Mi jefa, ella toda puesta, con cara de qué coño está pasando aquí, de hecho lo mismo hasta pronunció la frase en voz alta, pero no me acuerdo La pillada del siglo, de esta me despedía fijo. La indigna salida del despacho superó al paseíllo del otro día.

A los veinte minutos, la rata abandonó el barco, dejando a su paso una sonrisa cómplice, maldito Ayala, a él no iban a despedirlo no.

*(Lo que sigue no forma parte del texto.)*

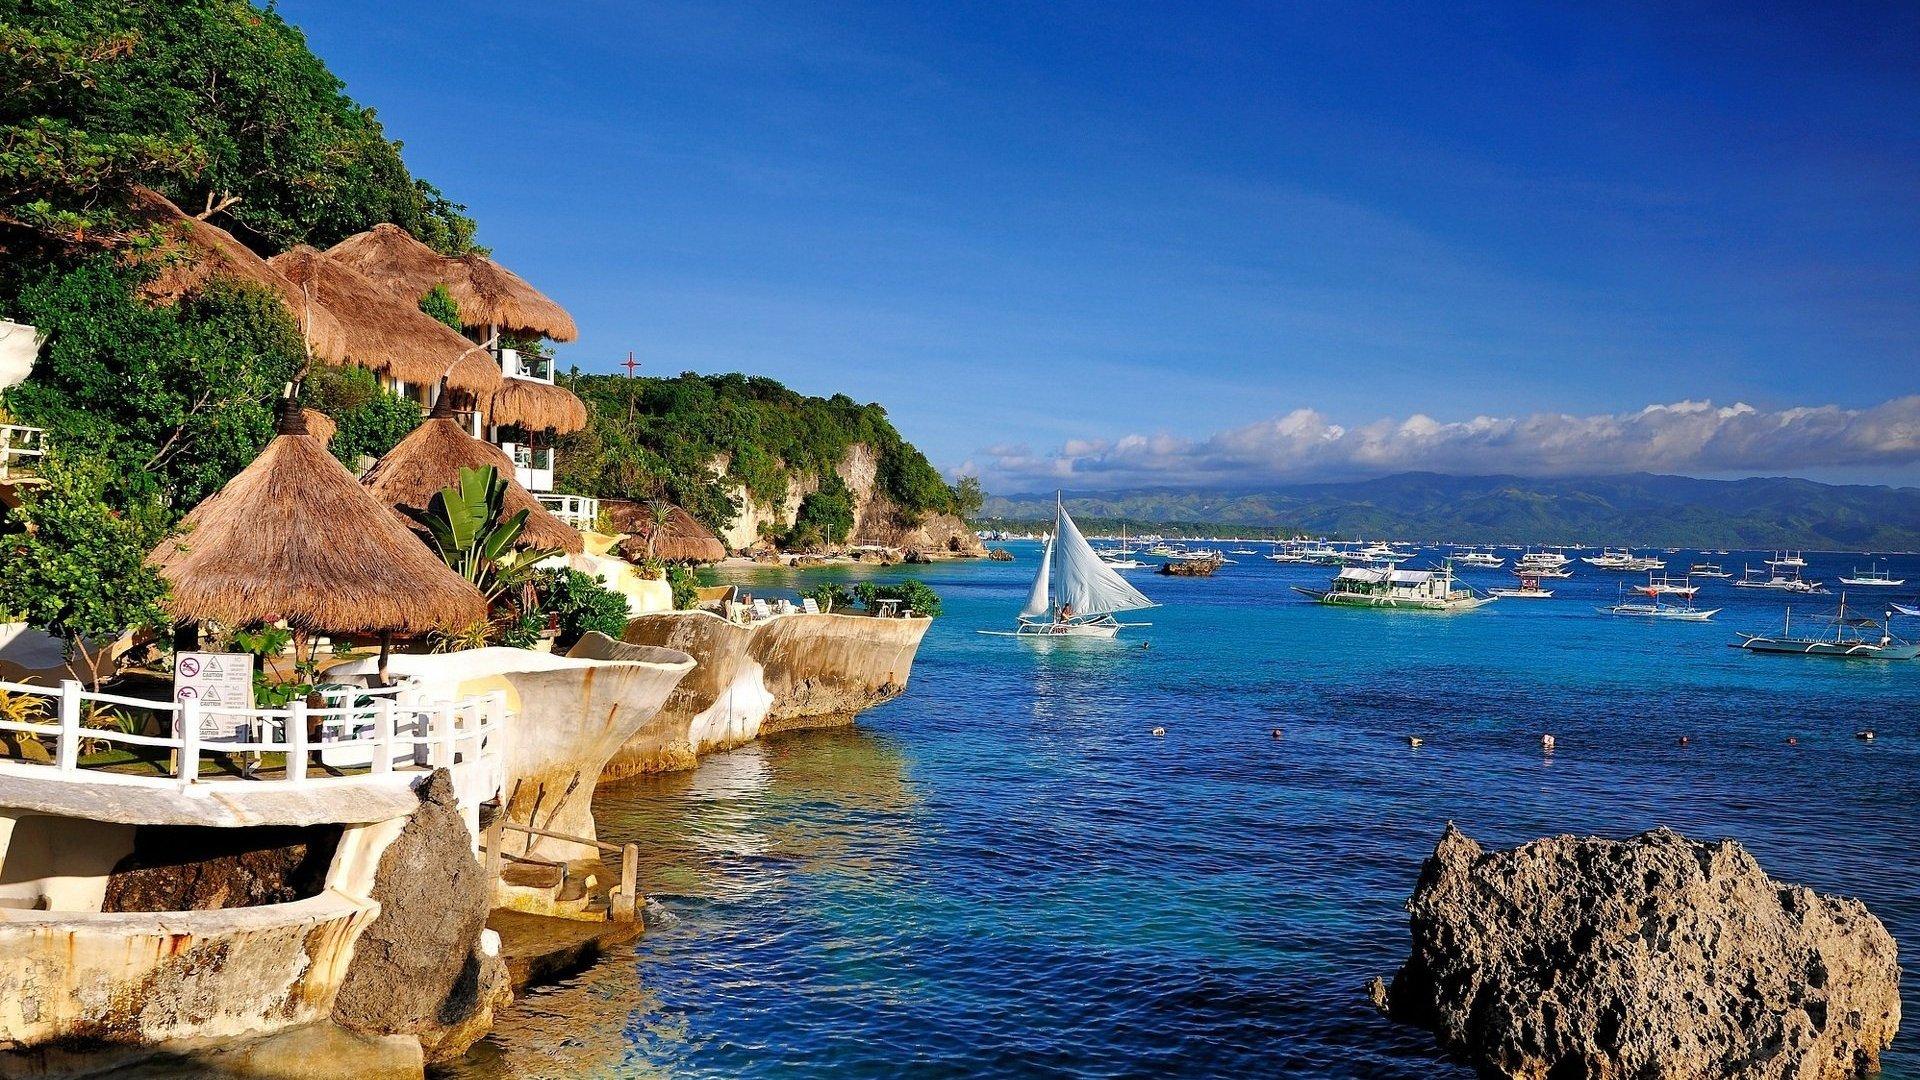 проявленные фото красивые пейзажи курортов турции башня цифрах вид

Mis inquisidores ojos reclamaban alguna pista más, pero no me dejó claro si tocaba despido o condecoración. Mis dudas se disiparon en nada, mi jefa me llamó al despacho, ese lugar que tan poco me gustaba visitar. Sin mirarme siquiera, me dijo que esta empresa era muy discreta y que así debía seguir siéndolo, yo asentía como cuando me llamaban al despacho del director en el cole y prometía que no iba a volver a suceder con la mirada. Me animó a levantarme de la silla y a trabajar, salí del despacho muerta de la risa claro, nos había jodido el polvo, pero conservaba el trabajo.

La normalidad, en todos los sentidos, volvió a la oficina tras las fiestas. Discreción, perfecto. A media mañana me llegó un mensaje a mi móvil de un número desconocido. Citándome en el hotel de al lado, con un número de habitación y con el texto sin bragas, sin foto de perfil, como si la necesitara para saber quién era. No contesté, pero fui, discreción ante todo.